DATA BELOW
━━━━━━━━━━━━━━━━━━━━━━━━━━━━━━
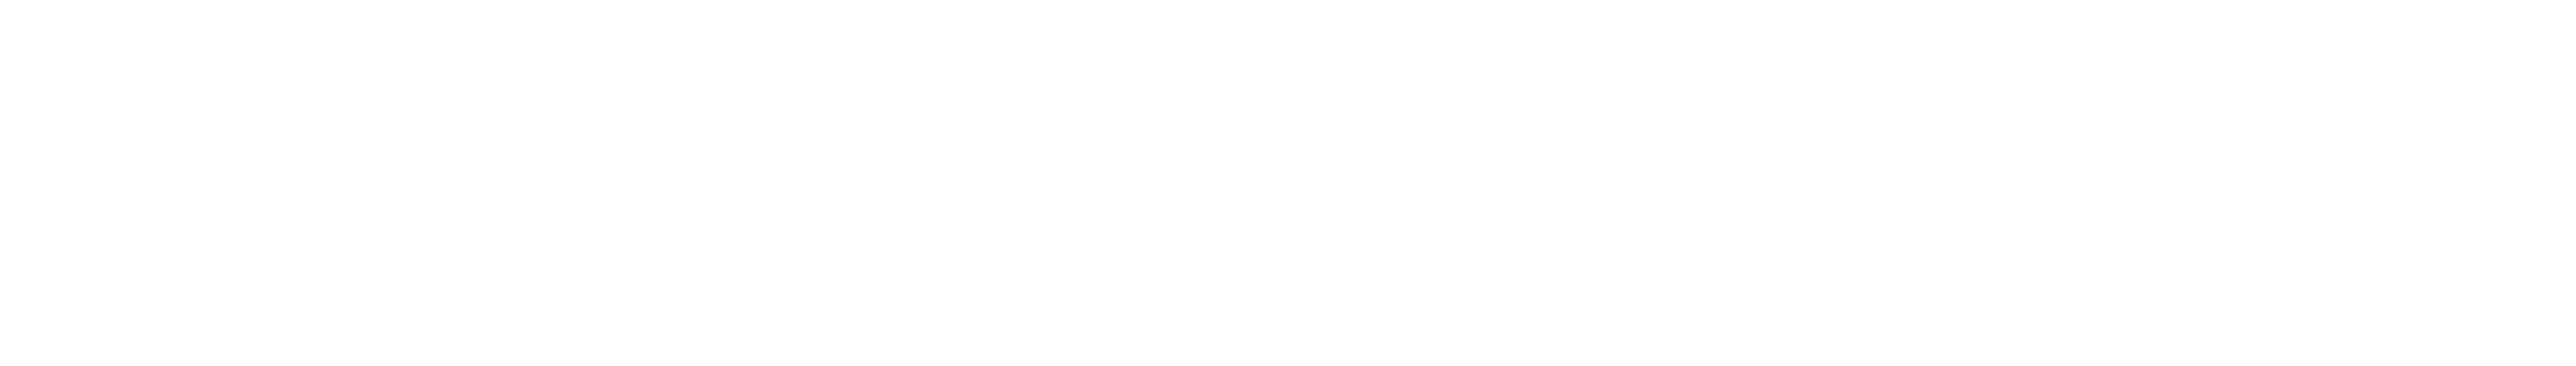 icon row
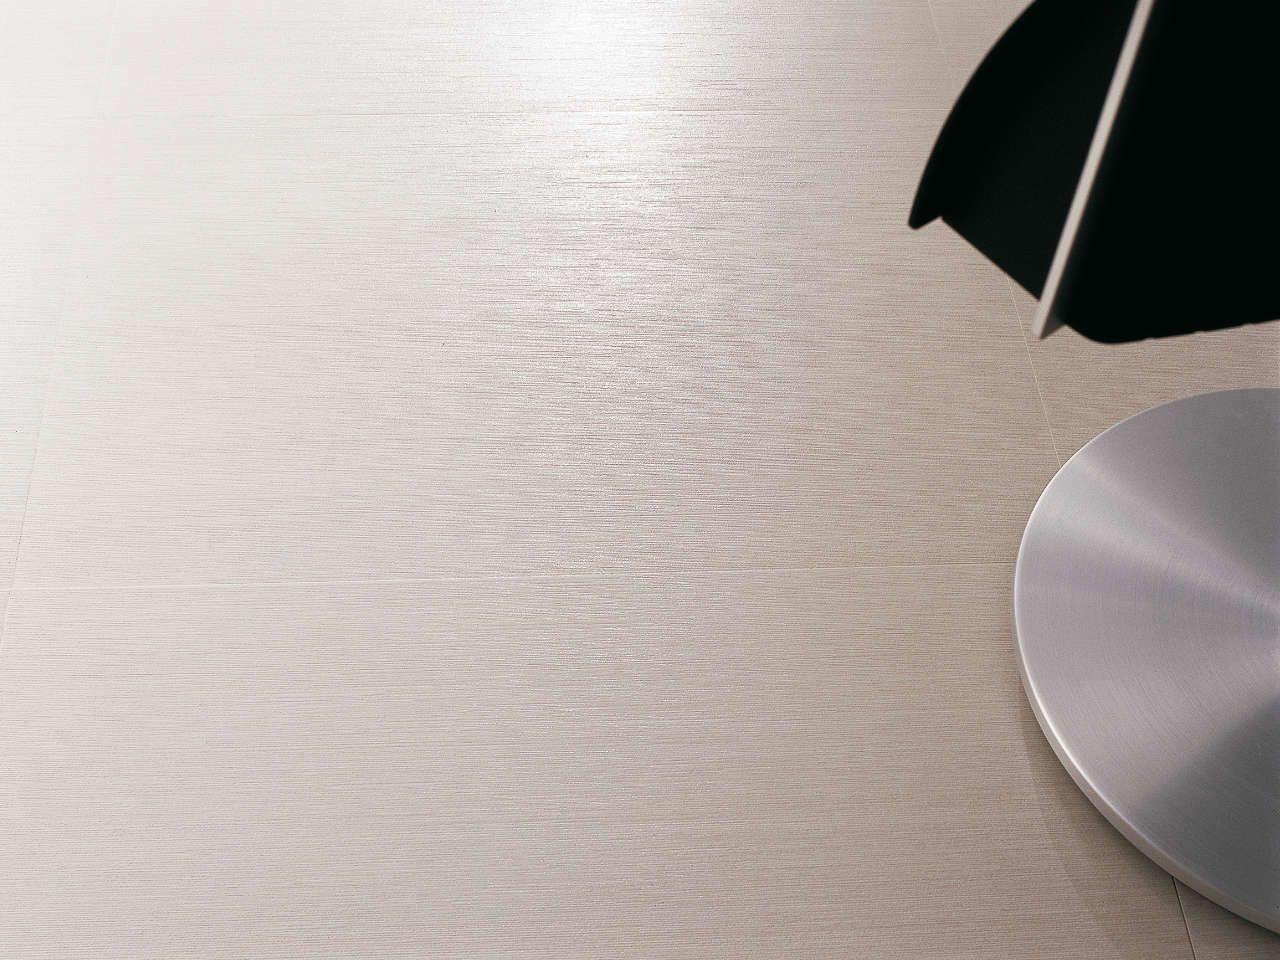 Pavimenti In Gres Porcellanato Ston Ker Silk Blanco 44x66 Cm Tile Floor Bathroom Floor Tiles Porcelain Tile
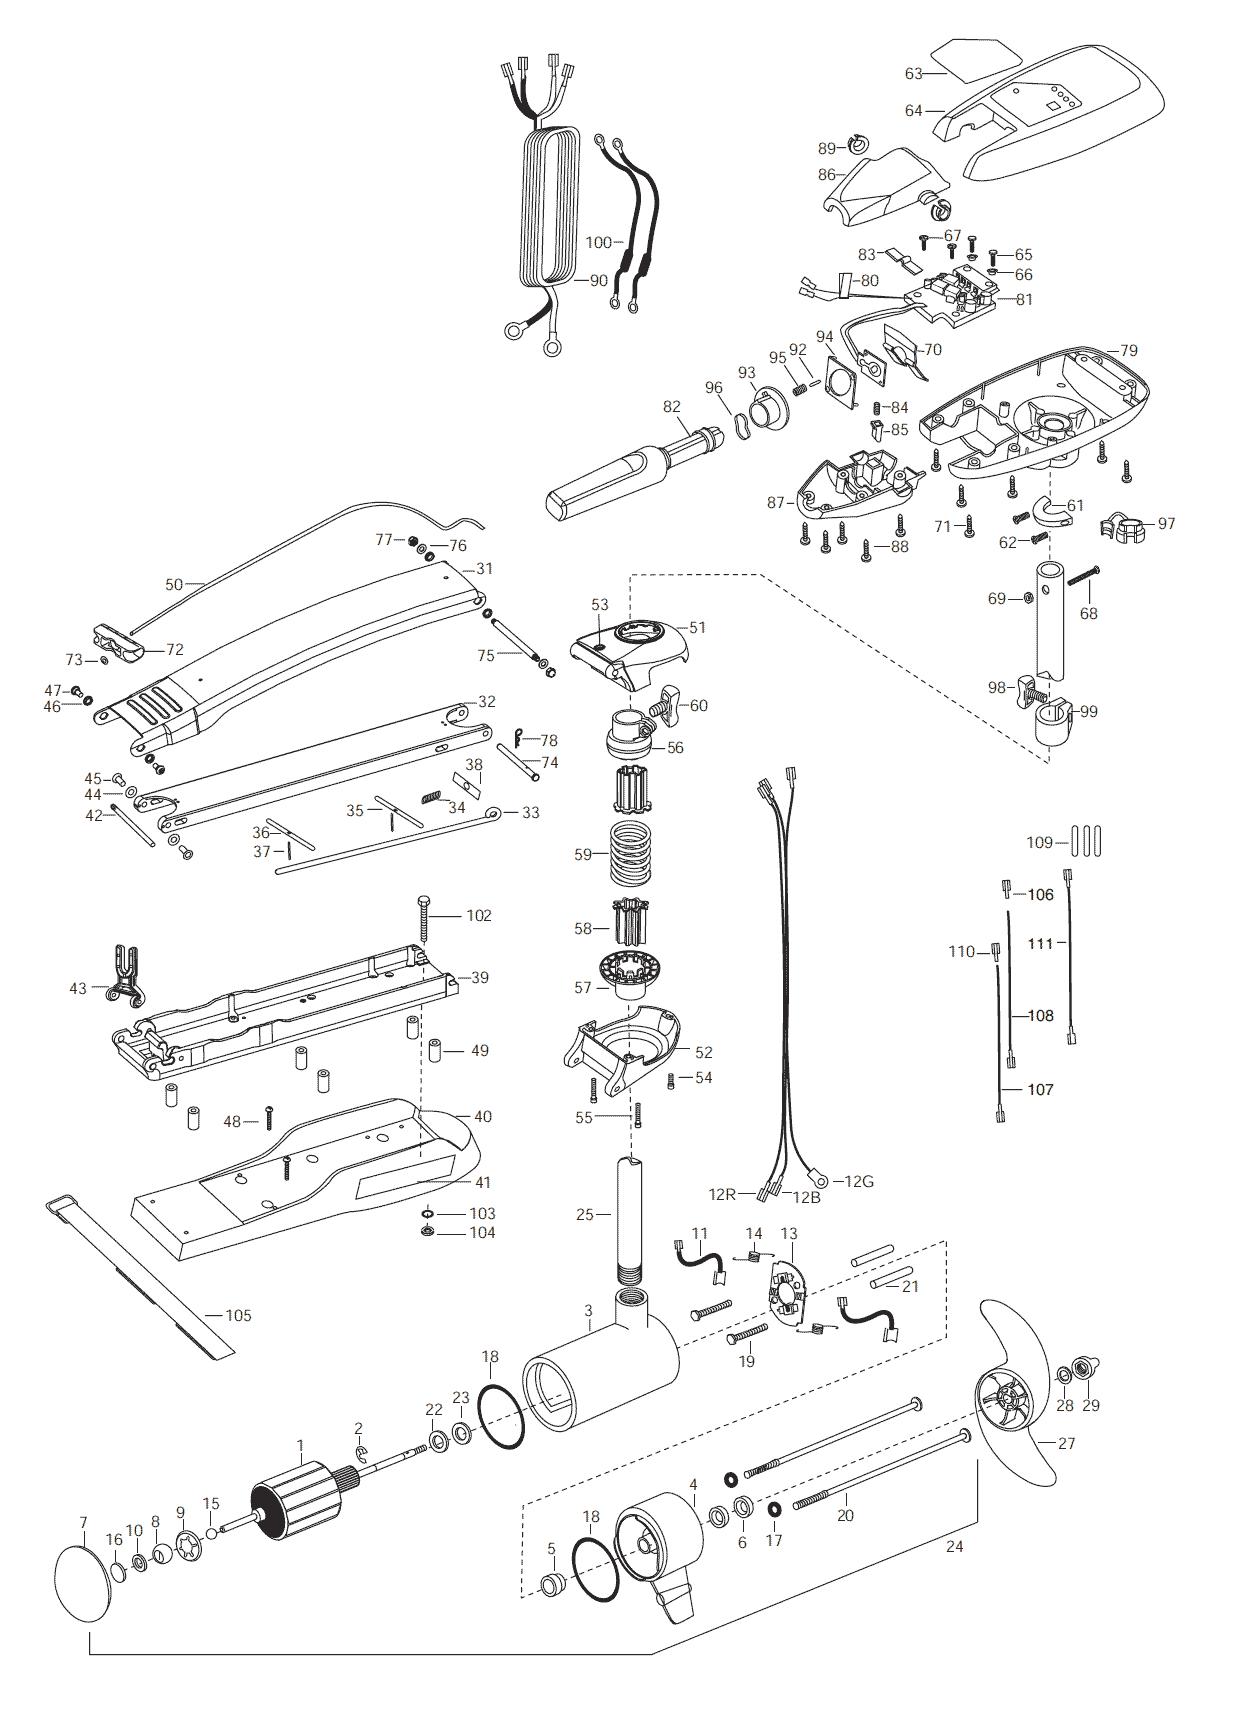 minn kota fortrex 80 parts diagram strip light wiring riptide 101 52 inch 2003 from fish307
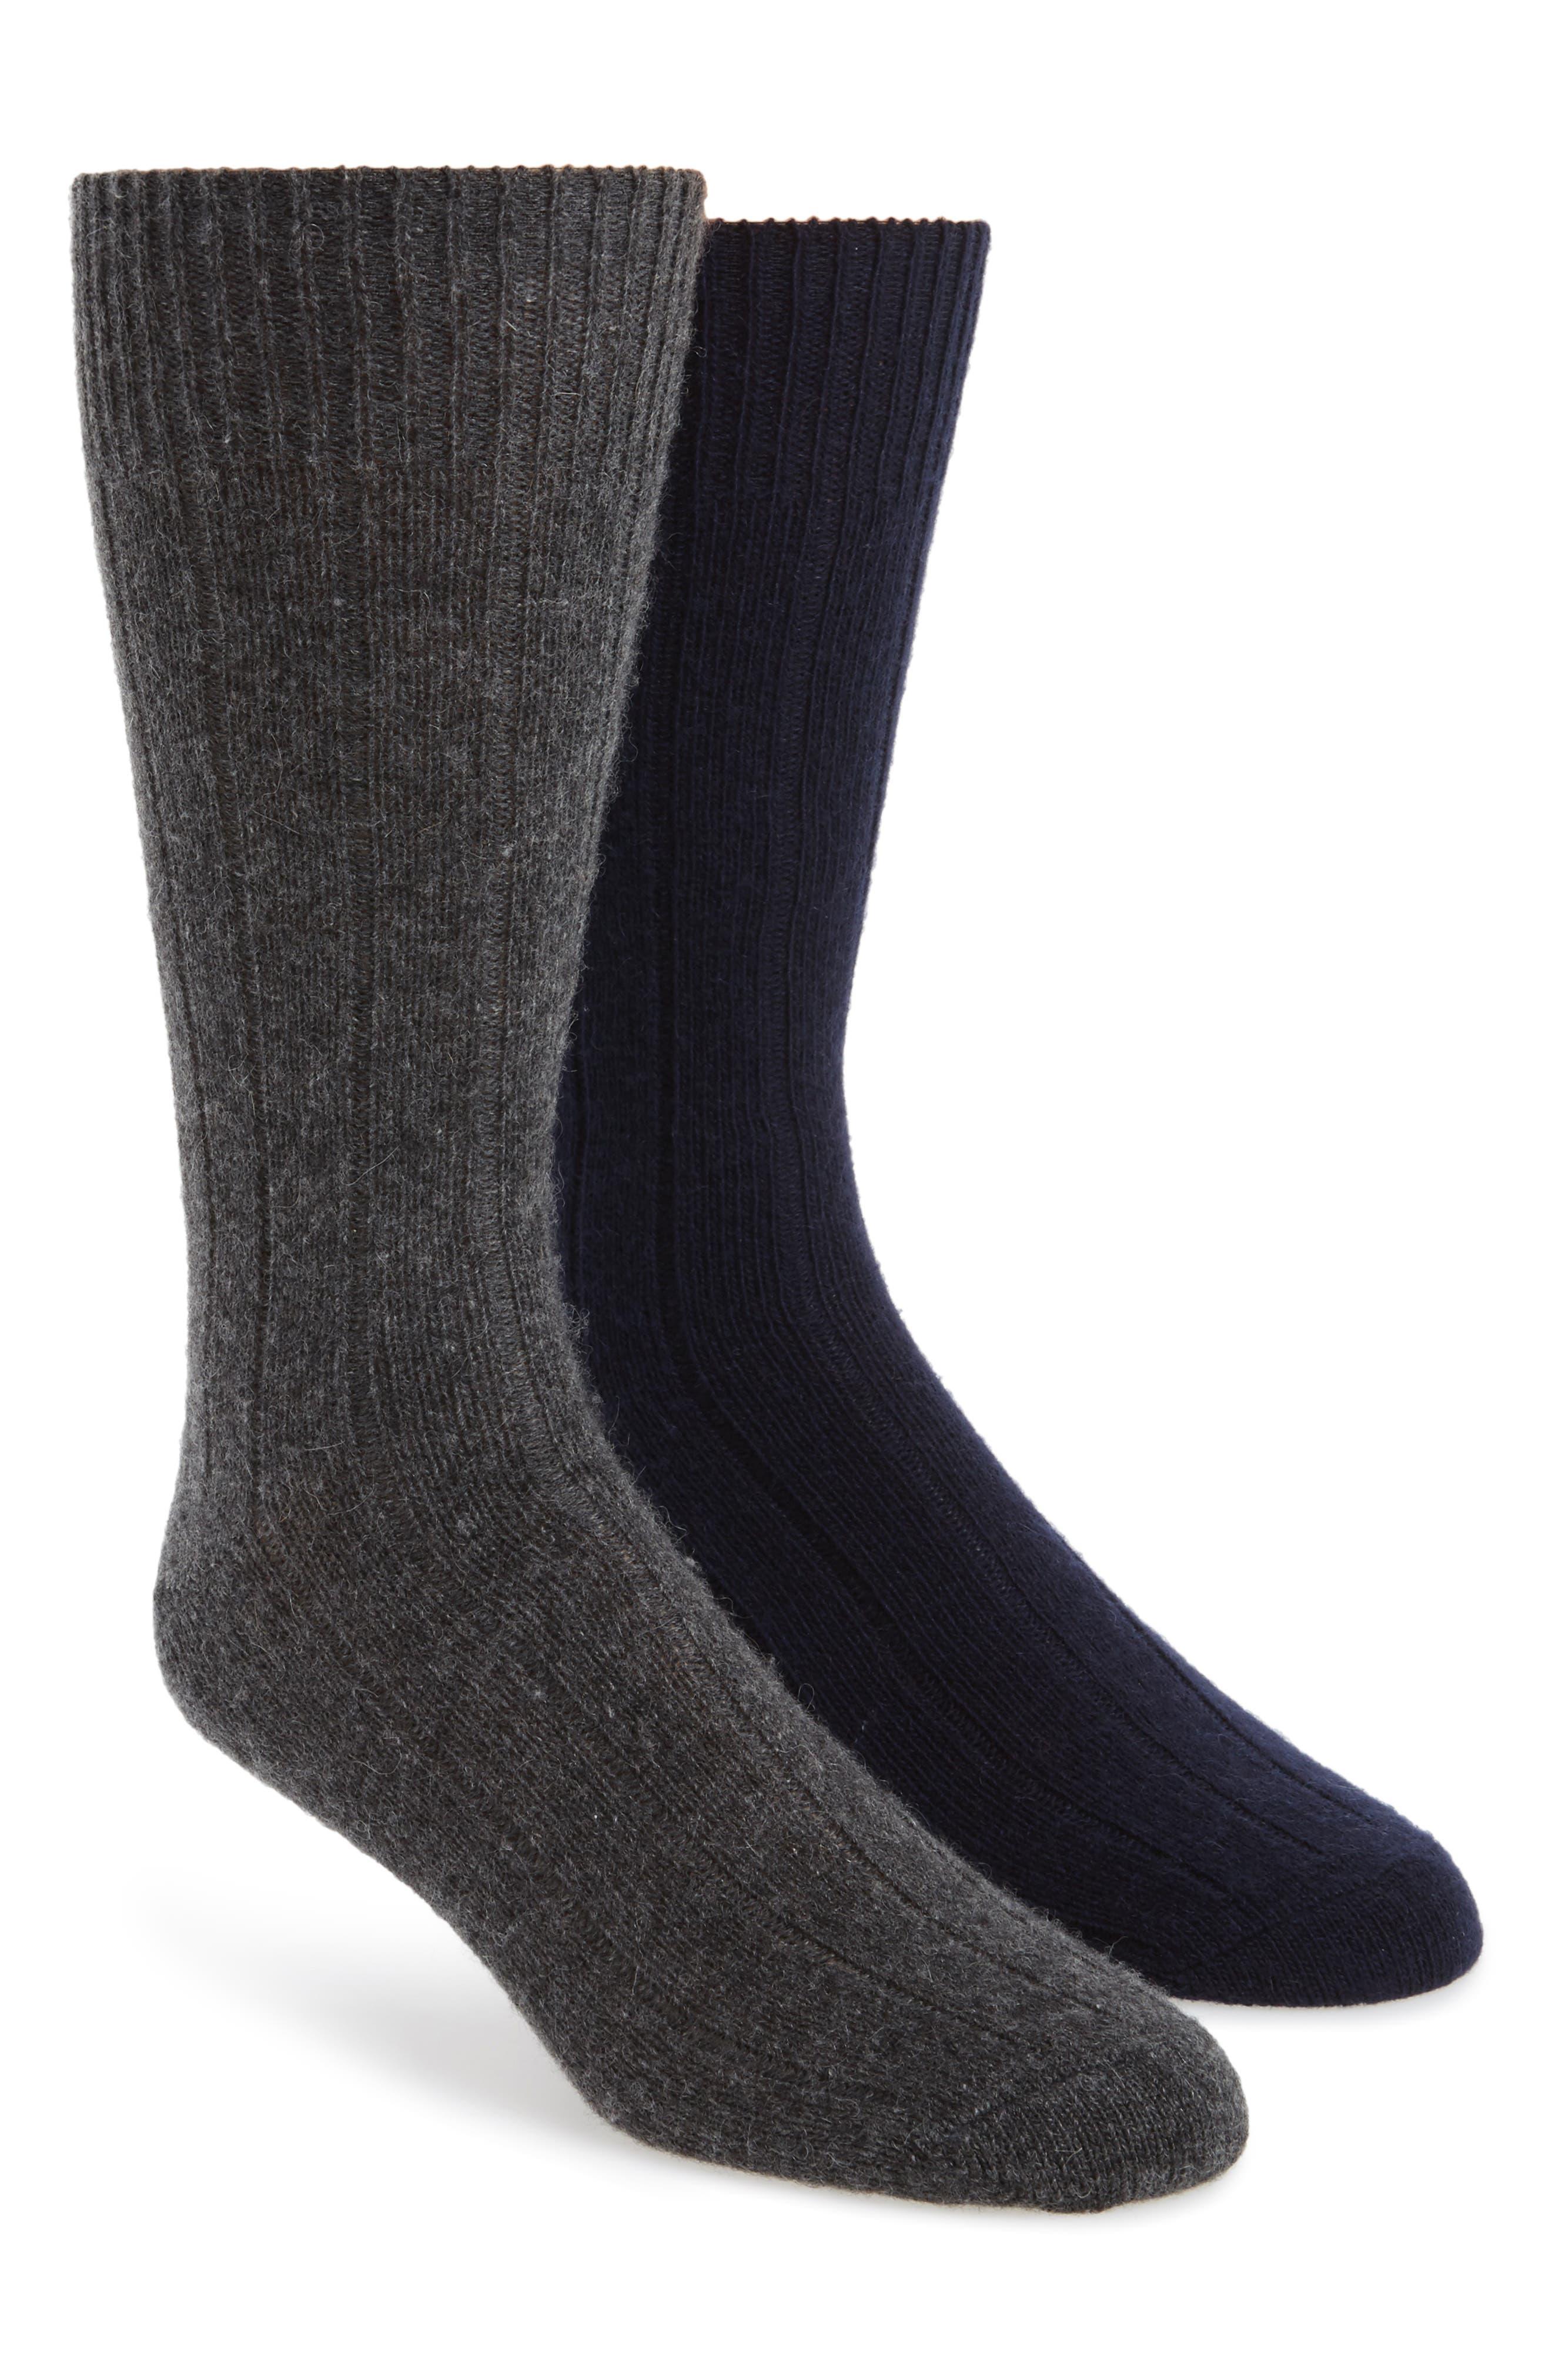 2-Pack Cashmere Blend Socks Box Set,                             Main thumbnail 1, color,                             Navy/ Charcoal
━━━━━━━━━━━━━━━━━━━━━━━━━━━━━━
AIM OF THE TASK
Print each line of the listing exactly and include no pictures.

OUTPUT FOR THIS EXERCISE
 icon row
 Pavimenti In Gres Porcellanato Ston Ker Silk Blanco 44x66 Cm Tile Floor Bathroom Floor Tiles Porcelain Tile
 minn kota fortrex 80 parts diagram strip light wiring riptide 101 52 inch 2003 from fish307
 2-Pack Cashmere Blend Socks Box Set,                             Main thumbnail 1, color,                             Navy/ Charcoal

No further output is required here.